Gregory George Garre (born November 1, 1964) is an American lawyer who served as the 44th U.S. solicitor general from June 19, 2008, to January 16, 2009. He is currently a partner at Latham & Watkins, a private law firm.

== Life and education ==
Garre was born in Berwyn, Pennsylvania, and grew up in Barrington, Illinois, where he attended Barrington public schools. He graduated cum laude in 1987 from Dartmouth College, where he was a Rufus Choate Scholar, with a B.A. in government. In 1991, he graduated with high honors from George Washington University Law School, where he was editor-in-chief of The George Washington Law Review and was selected to Order of the Coif.
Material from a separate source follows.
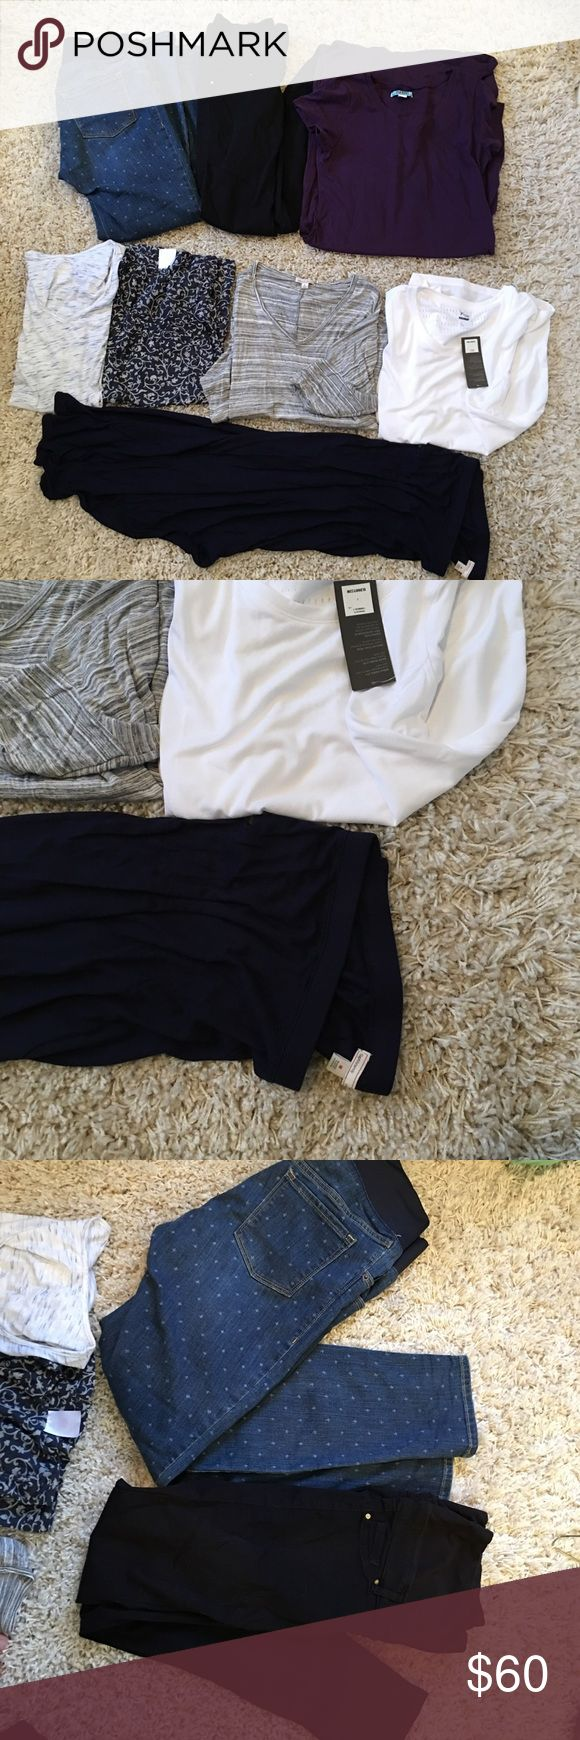 Black t shirt old navy - H M Old Navy Gap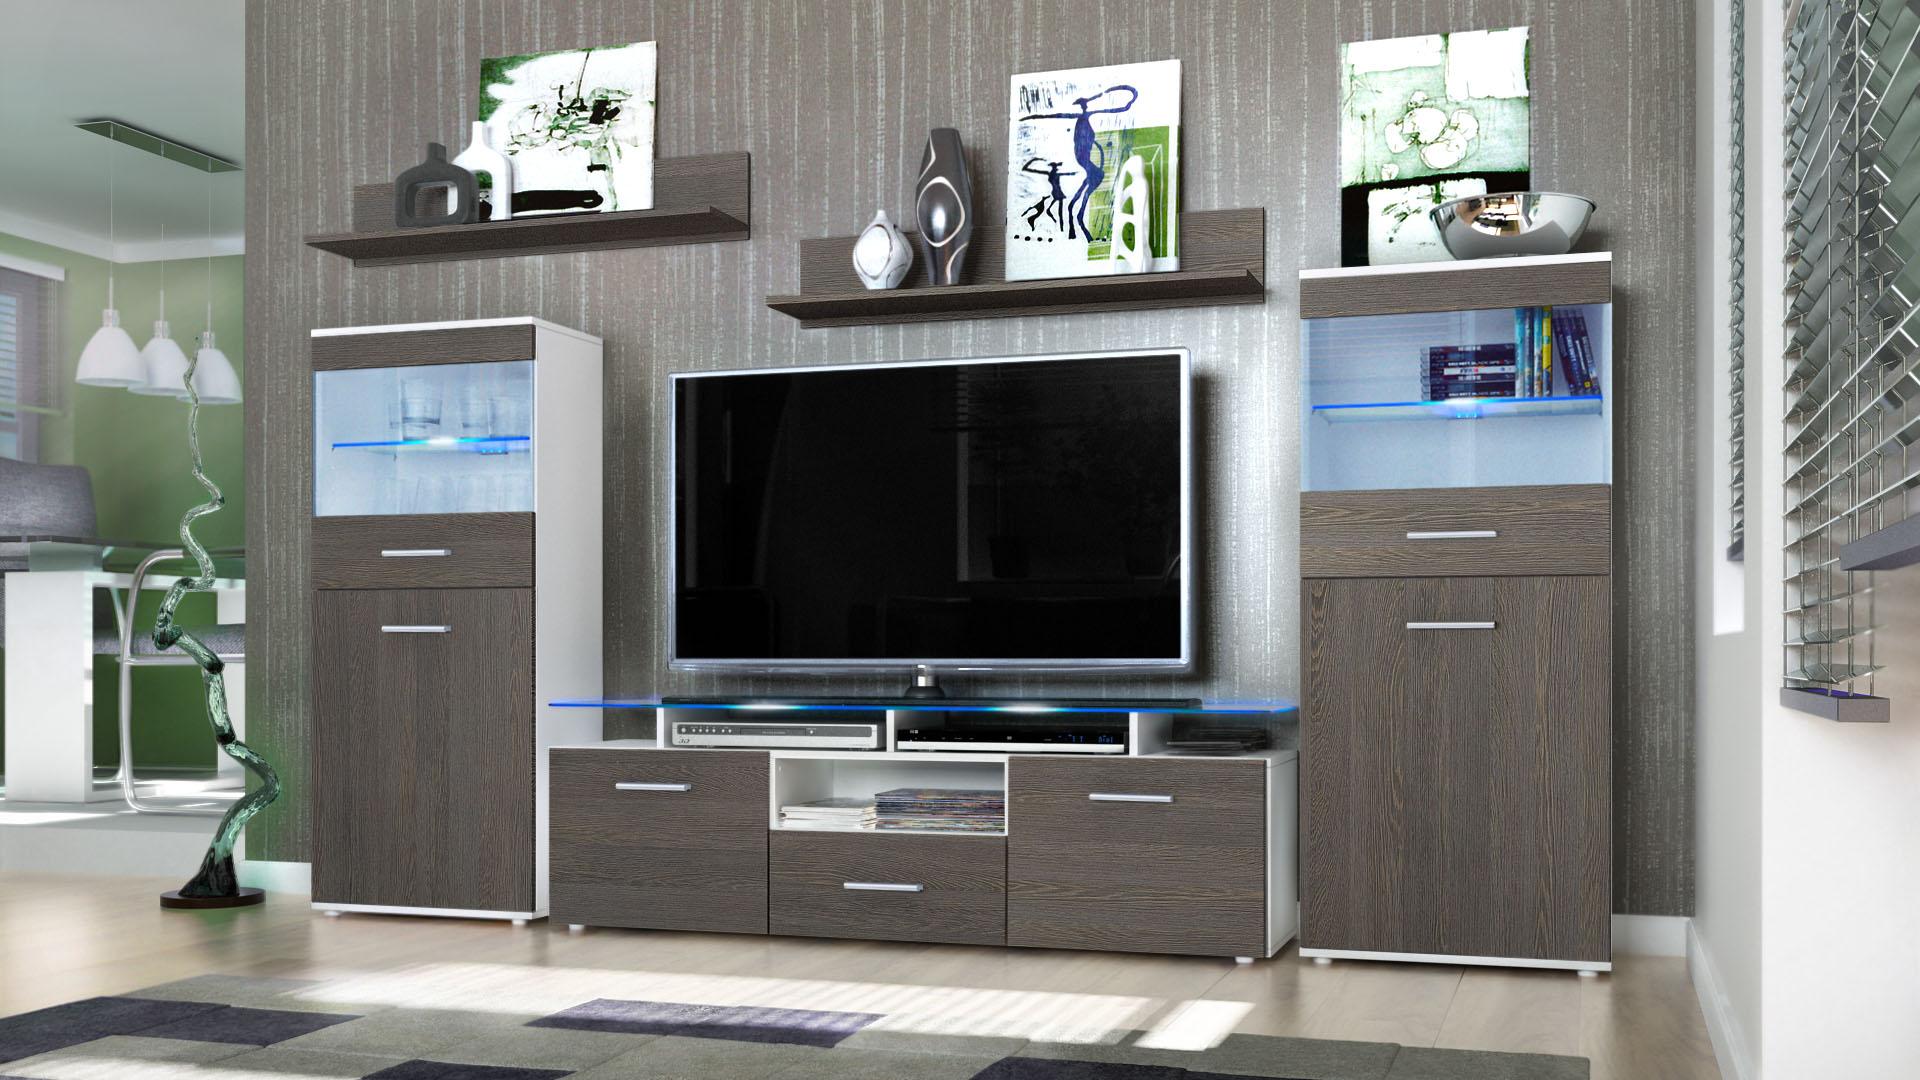 wall unit living room furniture almada white high gloss Contemporary Modular Wall Units wall unit living room furniture

Garre clerked for Chief Judge Anthony Joseph Scirica of the U.S. Court of Appeals for the Third Circuit (1991–92), and then for Chief Justice William H. Rehnquist of the United States Supreme Court (1992–93). He served as a pallbearer at Rehnquist's funeral in September 2005.

== Career ==

===Early career===
He then went into private practice with the Washington, D.C. law firm Hogan & Hartson from 1993 to 2000. In September 2000 Garre joined the Office of the Solicitor General at the Department of Justice as Assistant to the Solicitor General. In this capacity, in August 2002, he represented the government at Hamdi v. Rumsfeld 243 F. Supp. 2d 527 (E.D. Va. 2002), notable as "the first in modern American jurisprudence in which an American citizen has been indefinitely detained without charges and without access to a lawyer", and endured aggressive questioning from Judge Robert G. Doumar. He also argued Dastar Corp. v. Twentieth Century Fox Film Corp. He returned to Hogan & Hartson in July 2004.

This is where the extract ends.